Теперь подношения были более чем скромными, и вообще казалось странным, что кто-то еще нуждается в поддержке Афродиты.
За те несколько столетий, что отделяли современников Плутарха от снедаемого яростной страстью поэта Архилоха или же от царицы Федры, запутавшейся в тенетах желания, греки разучились любить. Так же как разучились сражаться, осваивать новые земли, строить храмы и сочинять стихи. Оказалось, что душа засыхает по мере умаления свободы и что любовь человека зависимого, почти что раба, лишь с большой долей условности может быть названа этим великим словом. И если Цицерон писал о себе, что он слишком поздно пустился в путь и сумерки Рима застали его на дороге, тогда что же мог сказать о себе Плутарх, стоя перед руинами своей блистательной Эллады?
Плутарха поразило древнее изображение Киприды: это было нечто вроде каменной межи на ристалищах, круглое внизу и понемногу суживающееся кверху. Неизвестно, сколь много поколений отделяло этот малопонятный фетиш от праксителевых венер. Может быть, его создателями были те древние люди, название которых начиналось со слога «ант», а может быть, оно дошло от еще более отдаленных времен и подобные изображения выбивали из камня те же самые звероподобные существа, нечто вроде африканских троглодитов, грубые орудия которых находят время от времени при рытье канав?
Путешествия, без которых вообще не возможен пишущий человек, означали для молодого Плутарха не меньше, чем чтение исторических и литературных сочинений, по которым он постигал прошлое Эллады. Привыкнув с юношеских лет к постоянному общению с бессмертными мыслителями, он слышал их голоса на руинах старинных городов, сравнивая то, о чем они писали, с тем, что видел сам. Сквозь напластования веков Плутарх различал повсюду очертания и знаки великой греческой культуры в пору ее цветения, и видел то, что было уже неразличимо для большинства его современников. Все более очевидной становилась для него непрерывная связь поколений и времен, и поэтому, как уже говорилось, его восприятие мира не было отягощено тем безысходным отчаянием, которое действительно есть конец всякой вещи и всякого существования.
Исходив и объездив окрестные греческие земли, Плутарх стал совершать более длительные путешествия — в Анатолию и Египет, а затем в Рим и Галлию.
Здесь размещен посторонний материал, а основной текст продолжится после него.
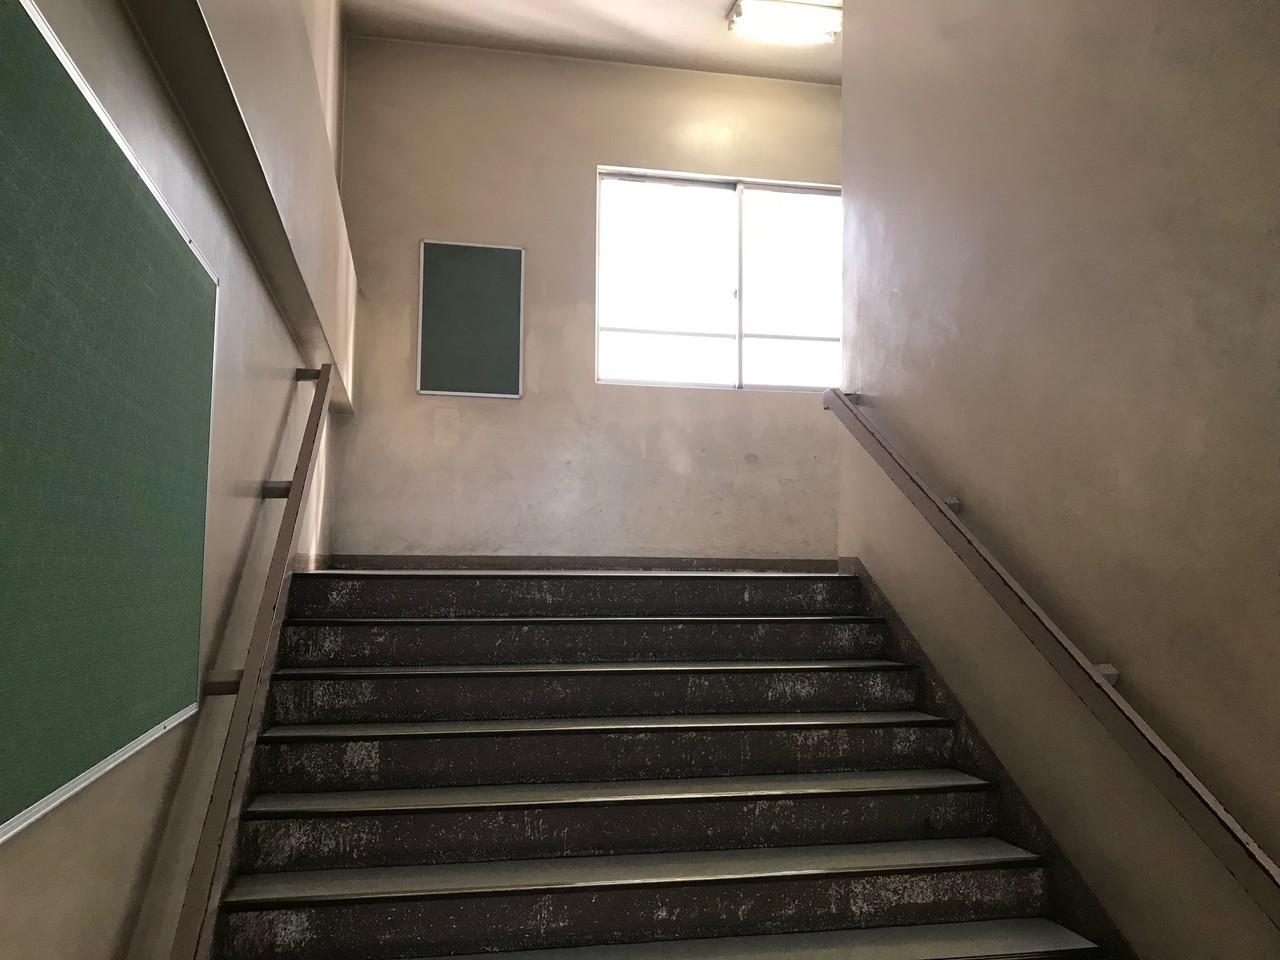 練馬区内中学校階段室塗装工事

В этих поездках он окончательно осознал себя как грека, наследника великой цивилизации, и выработал свое отношение к остальным народам, иного типа культурам. И чем более очевидной становилась для него общность их дальнейшей судьбы внутри «паке романа» («римского мира»), тем более отчетливо вырисовывалось место Эллады в этой, по мнению Плутарха, единственной разумно устроенной части Ойкумены.
Особенно непросто для него, как и для других греческих историков и литераторов, начиная со времени персидских войн, было определить свое отношение к Востоку. С одной стороны, он был бесспорной прародиной человеческой культуры. Но с другой — почти все, за исключением Геродота, считали, что именно из Азии пришло все то ложное, развращающее и расслабляющее, что, распространившись по Элладе, в конце концов ее сгубило. Этот давний, так и не разрешенный спор был, по существу, спором между корнями древнейшего культурного древа и одной из самых мощных, уже отцветающих его ветвей, между Эгеидой и Анатолией, населяемыми якобы еще до Дарданова потопа одним и тем же легендарным народом титанов. Сама Эллада выросла и расцвела, пережив несколько темных веков после вторжения с северо-востока варваров с железными мечами, восприняв многое из малоазийской культуры. Однако обычаи и представления людей железного века, столь неприемлемого для патриархального поэта Гесиода, присущий им склад души настолько отличались от бытия и мировидения переживших свою лучшую пору великих народов Востока, что их глубинное противостояние сохранялось до самого конца, так полностью и не преодоленное ни Александром Македонским, ни римскими прокураторами.
Плутарх, судя по его сочинениям, не раз бывал в Передней Азии и в молодости, и в более зрелом возрасте, у него были там хорошие знакомые, но он так никогда и не изменил своего мнения о какой-то глубинной несостоятельности тамошней жизни. И в целом люди Востока продолжали оставаться для него теми же чуждыми всему подлинно человеческому варварами, как в свое время для Аристотеля, который советовал своему царственному ученику Александру обходиться с ними как с животными или же растениями — без нужды не ломать и не калечить. Для Плутарха, как и для образованных эллинов прошлого, был неприемлем спекулятивный склад восточной натуры, торгашество и бездушная жестокость азиатов, лицемерная неискренность людей, давно и навсегда переставших быть хозяевами собственной судьбы.